Gale is regarded as a world expert on the medical response to nuclear and radiation accidents and has participated in rescue efforts at Chernobyl, Goiânia, Tokaimura, Fukushima and others. In 2012, after extensive analysis of the Japanese data, he said that "the increased risk of cancer incidence [from the Fukushima Daiichi nuclear disaster] would be only 0.002 percent for a member of the Japanese public".

==Bone marrow transplantation==
Gale has contributed to basic science and clinical research in bone marrow transplantation where he made contributions to understanding the immune-mediated anti-leukemia effects of transplants (graft-versus-leukemia). He has also advanced understanding of other complex immune effects of transplants in humans, like graft-versus-host disease and post-transplant immune deficiency. He has worked on alternate sources of hematopoietic stem cells including fetal liver transplants.

== Humanitarian activities ==
In 1986, he was asked by the government of the Soviet Union to coordinate medical relief efforts for victims of the Chernobyl disaster. In 1987, he was asked by the government of Brazil to coordinate medical relief efforts for the Goiânia accident. In 1988, he was part of the U.S. medical emergency team sent in the aftermath of the earthquake in Armenia. In 1999 he was asked by the government of Japan to help treat victims of the Tokaimura nuclear accident. In 2011 Gale was called to Japan to deal with medical consequences of the Fukushima nuclear power station accident. He met with members of the Prime Minister's office on several occasions and has addressed the Diet on three occasions. Gale has also been a neutral war observer for the governments of Croatia and Armenia and a medical consultant to the government of Tatarstan. Gale has received several awards for his humanitarian activities including the Olender Peace Prize, City of Los Angeles Humanitarian Award and Myasthenia Gravis Foundation Humanitarian Award.

==Publications==
Gale has published over 1450 scientific articles and more than 20 books,[www.robertpetergale.com]|date=May 2020}} mostly on leukemia (biology and treatment), transplantation (biology, immunology and treatment), cancer immunology, and radiation health effects and accident response.
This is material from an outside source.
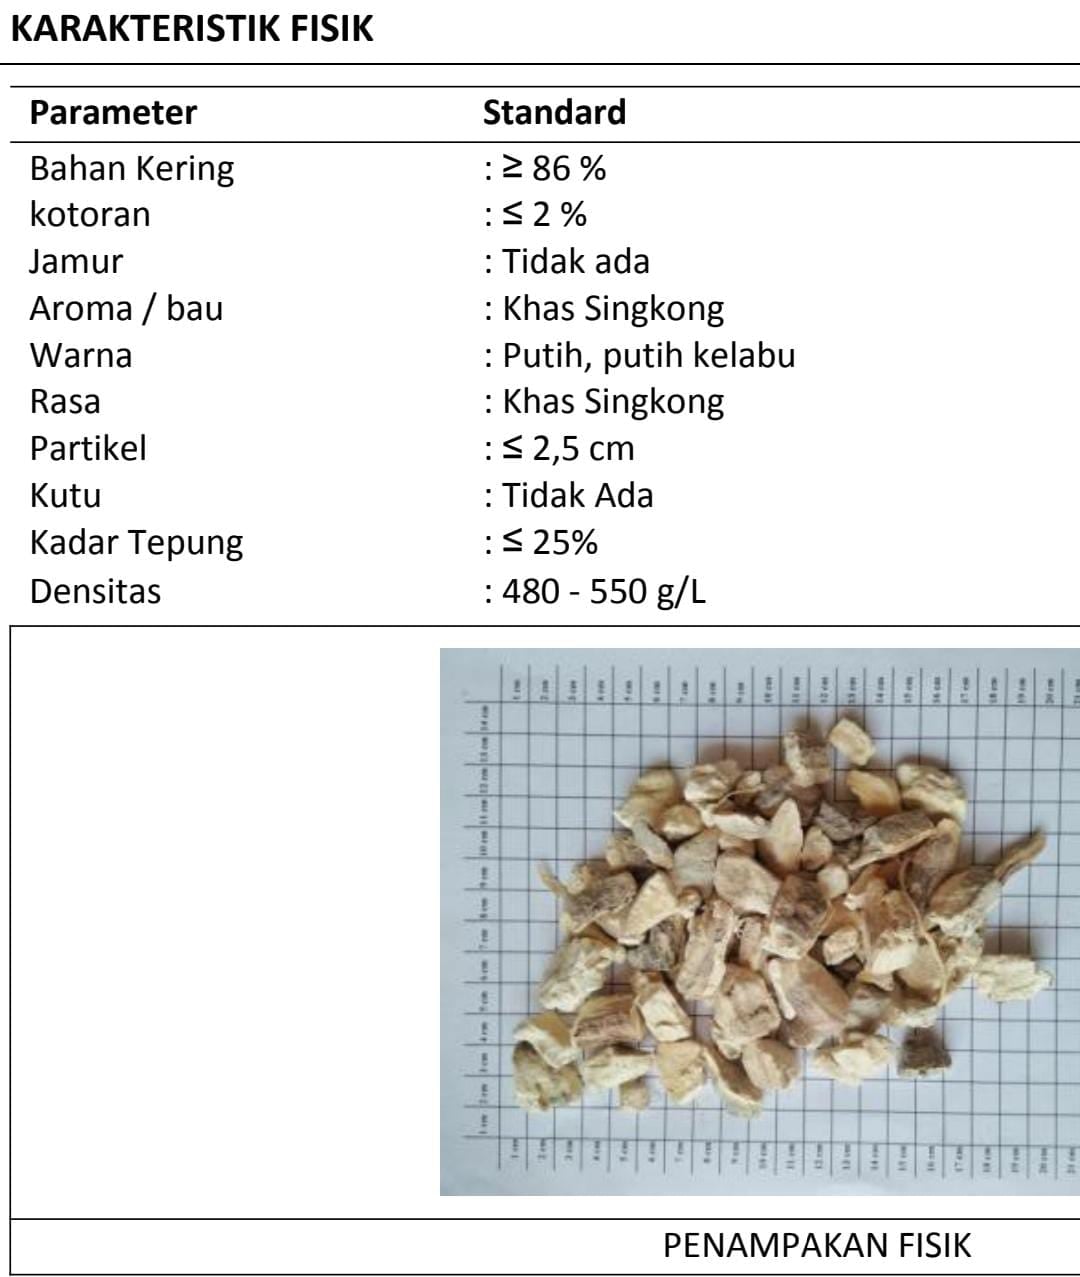 Đơn hàng xuất khẩu Khoai mì sấy khô sang thị trường Indonesia NS-KM01-16D22

He has written on medical topics, nuclear energy and weapons and politics of US-Soviet relations in articles for The New York Times, Los Angeles Times, The Washington Post, USA Today and The Wall Street Journal.

In addition to his academic publications, Gale has written popular books on the Chernobyl accident and US nuclear energy policy. He has written parts of screenplays for, and appeared in, several movies including Chernobyl: The Final Warning (with Jon Voight), Fat Man and Little Boy (with Paul Newman), and City of Joy (with Patrick Swayze). His latest book, Radiation: What it is, What you need to know, with Eric Lax, was published in February 2013.

== Awards ==
Awards for his scientific achievements include the Presidential Award, New York Academy of Sciences, Scientist of Distinction Award, Weizmann Institute of Science, Distinguished Alumni Award from Hobart College and Intra-Science Research Foundation Award. He holds honorary degrees including D.Sc. from Albany Medical College, D.Sc from the State University of New York Buffalo, L.H.D. from Hobart College and D.P.S from MacMurray College. In 2018 he was accepted as a fellow in the Royal College of Physicians. He received an Emmy award for his work on a 60 Minutes special report about Chernobyl.

== Personal life ==
Gale lives in Los Angeles, New York City and Big Sky, Montana with his wife Laura.